Below is a block of data; give all of it again word for word.

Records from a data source
---+---

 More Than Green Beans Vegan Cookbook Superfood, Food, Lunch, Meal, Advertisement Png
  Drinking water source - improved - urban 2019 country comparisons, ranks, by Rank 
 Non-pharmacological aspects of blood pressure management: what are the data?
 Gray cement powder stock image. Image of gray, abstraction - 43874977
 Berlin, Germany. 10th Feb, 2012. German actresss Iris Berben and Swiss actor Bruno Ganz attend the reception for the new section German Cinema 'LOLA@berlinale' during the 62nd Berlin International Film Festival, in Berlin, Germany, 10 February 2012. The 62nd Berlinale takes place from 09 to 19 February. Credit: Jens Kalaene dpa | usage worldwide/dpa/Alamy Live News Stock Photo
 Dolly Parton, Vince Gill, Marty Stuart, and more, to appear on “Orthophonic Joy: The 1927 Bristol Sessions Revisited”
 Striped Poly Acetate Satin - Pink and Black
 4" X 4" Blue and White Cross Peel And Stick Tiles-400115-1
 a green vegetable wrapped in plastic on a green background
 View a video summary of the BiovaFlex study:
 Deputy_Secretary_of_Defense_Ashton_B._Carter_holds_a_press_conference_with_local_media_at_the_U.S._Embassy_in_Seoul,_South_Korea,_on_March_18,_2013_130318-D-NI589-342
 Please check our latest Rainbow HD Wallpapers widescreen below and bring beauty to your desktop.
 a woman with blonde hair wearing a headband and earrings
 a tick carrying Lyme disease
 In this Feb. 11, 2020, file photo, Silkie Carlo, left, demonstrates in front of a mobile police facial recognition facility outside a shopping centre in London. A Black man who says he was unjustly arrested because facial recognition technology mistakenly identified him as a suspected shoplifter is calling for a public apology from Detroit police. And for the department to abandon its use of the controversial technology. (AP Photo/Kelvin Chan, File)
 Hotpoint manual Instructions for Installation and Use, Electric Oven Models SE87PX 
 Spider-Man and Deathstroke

---+---

RESPONSE BELOW
 More Than Green Beans Vegan Cookbook Superfood, Food, Lunch, Meal, Advertisement Png
  Drinking water source - improved - urban 2019 country comparisons, ranks, by Rank 
 Non-pharmacological aspects of blood pressure management: what are the data?
 Gray cement powder stock image. Image of gray, abstraction - 43874977
 Berlin, Germany. 10th Feb, 2012. German actresss Iris Berben and Swiss actor Bruno Ganz attend the reception for the new section German Cinema 'LOLA@berlinale' during the 62nd Berlin International Film Festival, in Berlin, Germany, 10 February 2012. The 62nd Berlinale takes place from 09 to 19 February. Credit: Jens Kalaene dpa | usage worldwide/dpa/Alamy Live News Stock Photo
 Dolly Parton, Vince Gill, Marty Stuart, and more, to appear on “Orthophonic Joy: The 1927 Bristol Sessions Revisited”
 Striped Poly Acetate Satin - Pink and Black
 4" X 4" Blue and White Cross Peel And Stick Tiles-400115-1
 a green vegetable wrapped in plastic on a green background
 View a video summary of the BiovaFlex study:
 Deputy_Secretary_of_Defense_Ashton_B._Carter_holds_a_press_conference_with_local_media_at_the_U.S._Embassy_in_Seoul,_South_Korea,_on_March_18,_2013_130318-D-NI589-342
 Please check our latest Rainbow HD Wallpapers widescreen below and bring beauty to your desktop.
 a woman with blonde hair wearing a headband and earrings
 a tick carrying Lyme disease
 In this Feb. 11, 2020, file photo, Silkie Carlo, left, demonstrates in front of a mobile police facial recognition facility outside a shopping centre in London. A Black man who says he was unjustly arrested because facial recognition technology mistakenly identified him as a suspected shoplifter is calling for a public apology from Detroit police. And for the department to abandon its use of the controversial technology. (AP Photo/Kelvin Chan, File)
 Hotpoint manual Instructions for Installation and Use, Electric Oven Models SE87PX 
 Spider-Man and Deathstroke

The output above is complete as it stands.